IV – estabelecimento de mecanismos que busquem reforçar o cumprimento das coberturas contratadas pelos consumidores.

Justificativa: planos com coberturas reduzidas, ou seja, somente aquelas consignadas nos contratos, aumentariam o número de clientes do segmento suplementar e trariam mais retornos financeiros às operadoras. Restrições radicais de cobertura tornam atrativo o preço de mensalidades em um primeiro momento, mas, na hora do adoecimento, tendem a gerar gastos catastróficos e a busca tardia pelo SUS por indivíduos e famílias.

V – estabelecimento de mecanismos que busquem solucionar conflitos no relacionamento entre operadoras e prestadores de serviços de saúde.

Justificativa: o setor suplementar mantém estreitas relações entre prestadores e operadoras, que determinam protocolos assistenciais e valores de remuneração, nem sempre compatíveis com a ética profissional e com as necessidades de saúde.

VI – promoção da transparência das informações acerca dos reajustes das contraprestações à sociedade.

Justificativa: a ideia subjacente à palavra “transparência” é uma só – a de reajustes anuais para contratos individuais e coletivos baseados na variação dos custos médico-hospitalares e das novas tecnologias diagnósticas e terapêuticas. As operadoras poderiam, assim, definir reajustes diferenciados conforme a região e em função do tipo de plano, com a venda de módulos segmentados de cobertura e padrões distintos de rede credenciada.

VII – promoção de ambiente regulatório que fomente o aumento do acesso ao setor de saúde suplementar (…)

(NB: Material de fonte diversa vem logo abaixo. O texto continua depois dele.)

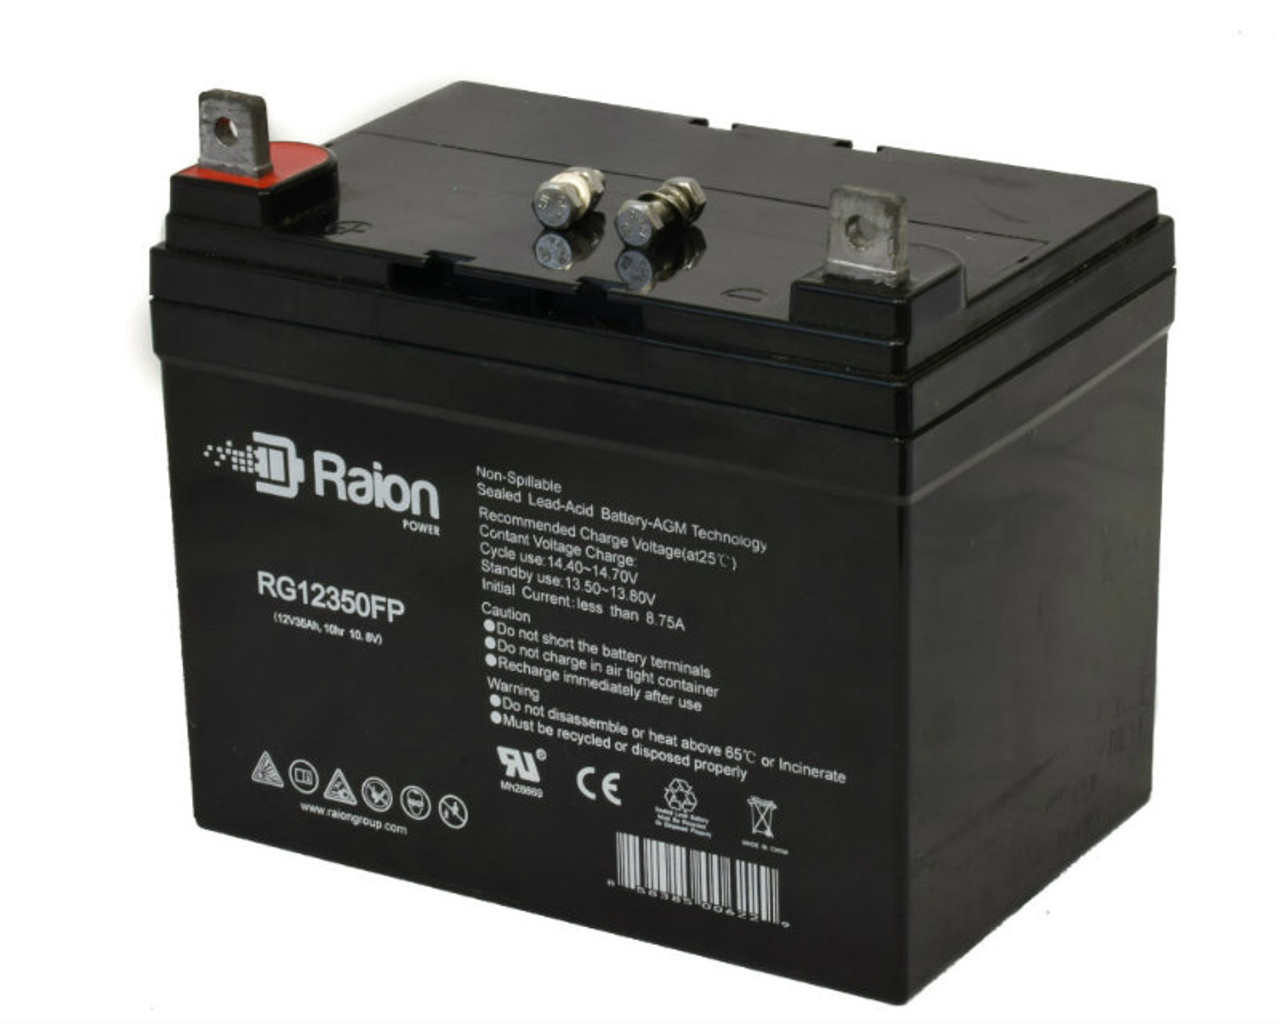 Raion Power RG12350FP 12V 35Ah Lead Acid Battery for Schumacher DSR DSR102 Proboost Jump Starter

Justificativa: a verdadeira intenção é interditar o direito a recorrer a instâncias jurídicas. As ações judiciais têm sido fundamentais para garantir o direito dos usuários de planos privados.

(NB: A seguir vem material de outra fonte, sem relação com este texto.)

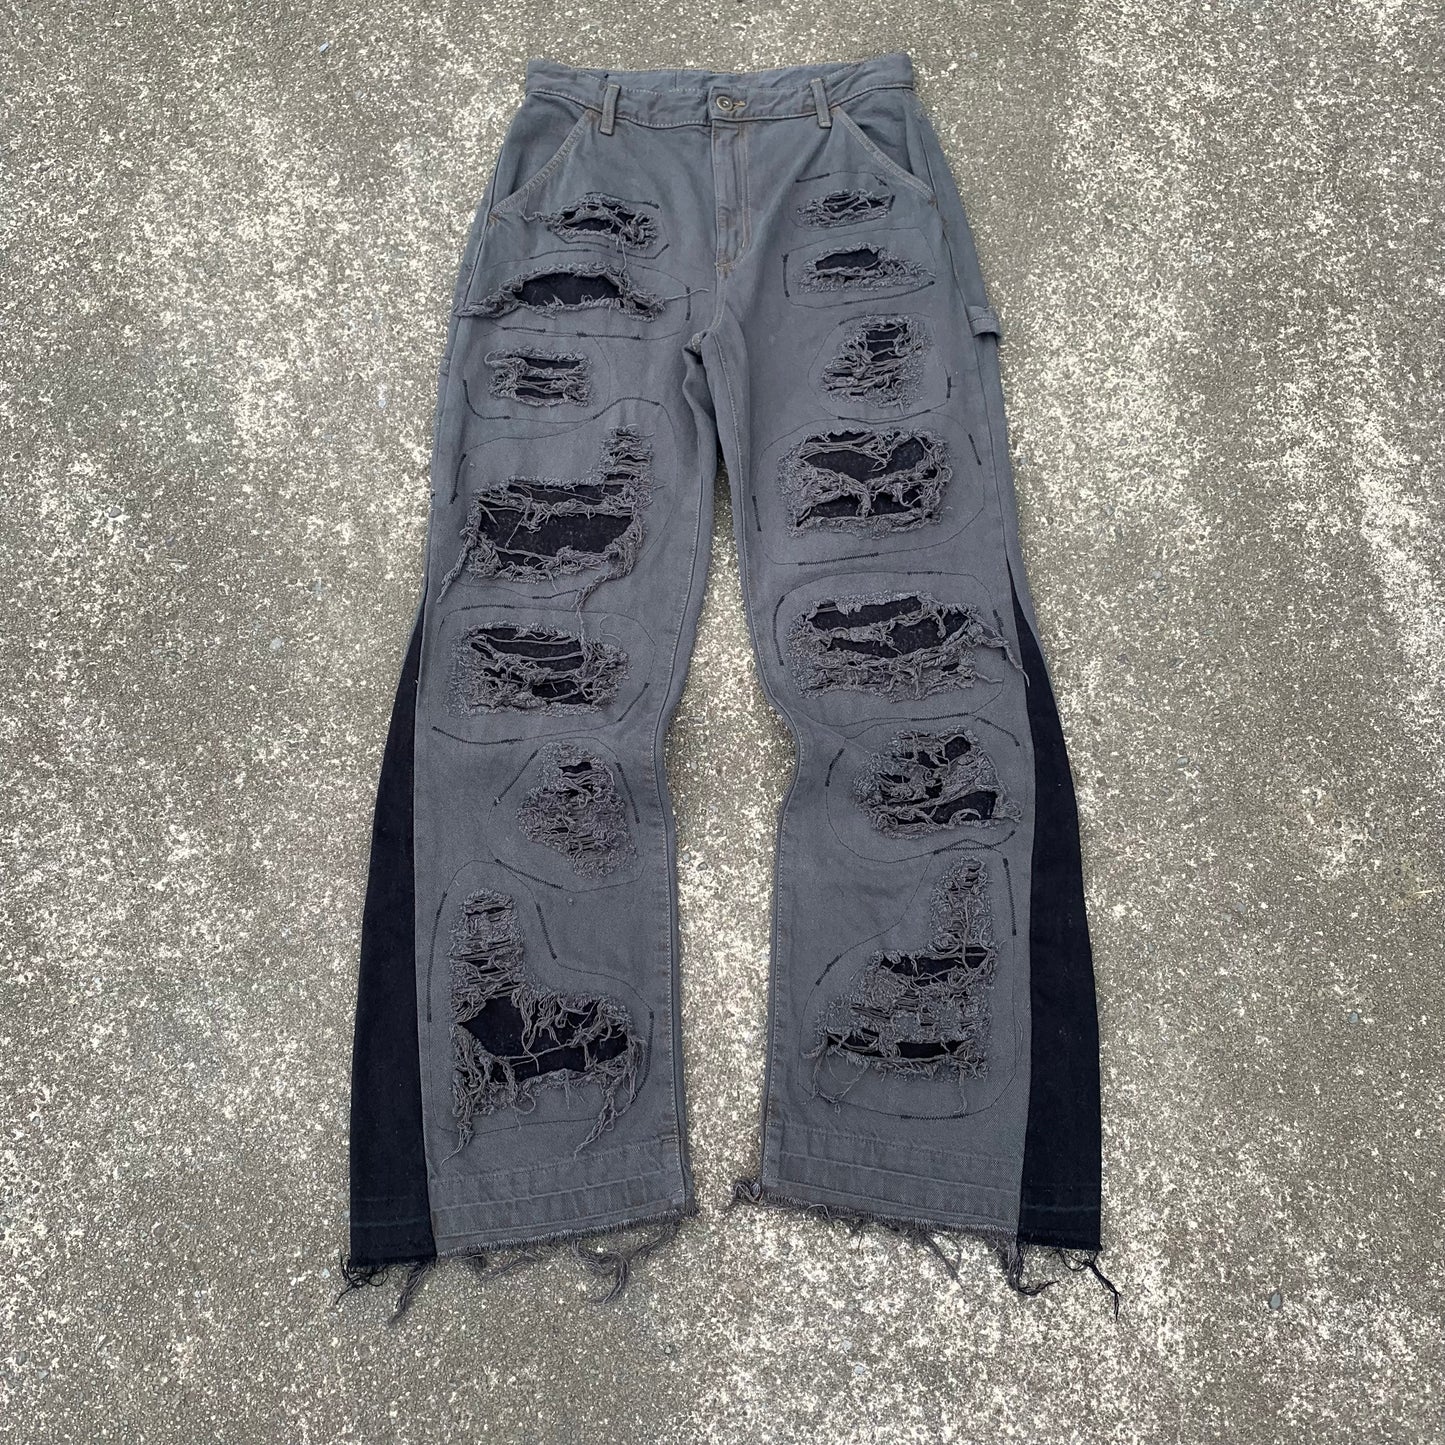 1/1 Diggy Carpenter Jeans - 32x32

VIII – (…) e reforço de garantias financeiras por meio de instrumentos de regulação prudencial das operações no setor de saúde suplementar.

Justificativa: garantias financeiras, com liquidez, são exigidas para todas as instituições de natureza securitária. Versões anteriores de propostas empresariais queriam suprimir punições e multas às operadoras.

Art. 5º As ações da PNSS-Covid-19 serão elaboradas e apresentadas ao CONSU pela Agência Nacional de Saúde Suplementar no prazo de 30 (trinta dias) da aprovação da presente resolução e deverão prever o prazo para a implementação e a estratégia de monitoramento e de avaliação.

Justificativa: o CONSU, uma instância consultiva, passaria a arbitrar conflitos e celebrar termos de mediação envolvendo a regulamentação dos planos de saúde. Essa atribuição é da ANS, agência reguladora e não um órgão público pró-mercado. O CONSU é um órgão de natureza política, não compete a ele encomendar para a ANS um plano para a expansão do setor privado.

Art. 6º Esta Resolução entra em vigor na data da sua publicação.

Justificativa: trata-se, aqui, de tentativa de “passar a boiada”, de mudar a legislação para assegurar a comercialização de planos com coberturas restritas por meio de expedientes administrativos, mediante a convocação e mobilização do CONSU. É mais uma manobra para evitar o debate franco e aberto. Mais um episódio protagonizado pela “coalizão” entre empresários, autoridades governamentais e parlamentares que se tornaram conhecidos por palavras e gestos contra a ciência, os direitos humanos e a democracia.

O documento conclui afirmando que “Política Nacional de Saúde Suplementar Para o Enfrentamento da Pandemia da Covid-19” precisa ser sustada. E denunciando as estratégias sub-reptícias dos empresários da saúde que não perdem oportunidade de desviar recursos públicos para favorecer seus interesses privados, contando com a conivência e a omissão das autoridades de plantão, incompetentes no enfrentamento à pandemia.  E, finalmente, que a proposta é mais uma tentativa de alterar as regras do jogo e retirar direitos constitucionais dos cidadãos, justamente em um momento de crise sanitária, em que o SUS exerce papel preponderante.

“Esta consulta pública em nada acrescenta. Pelo contrário, retira o foco do fortalecimento do SUS para que agentes privados aufiram mais dividendos.”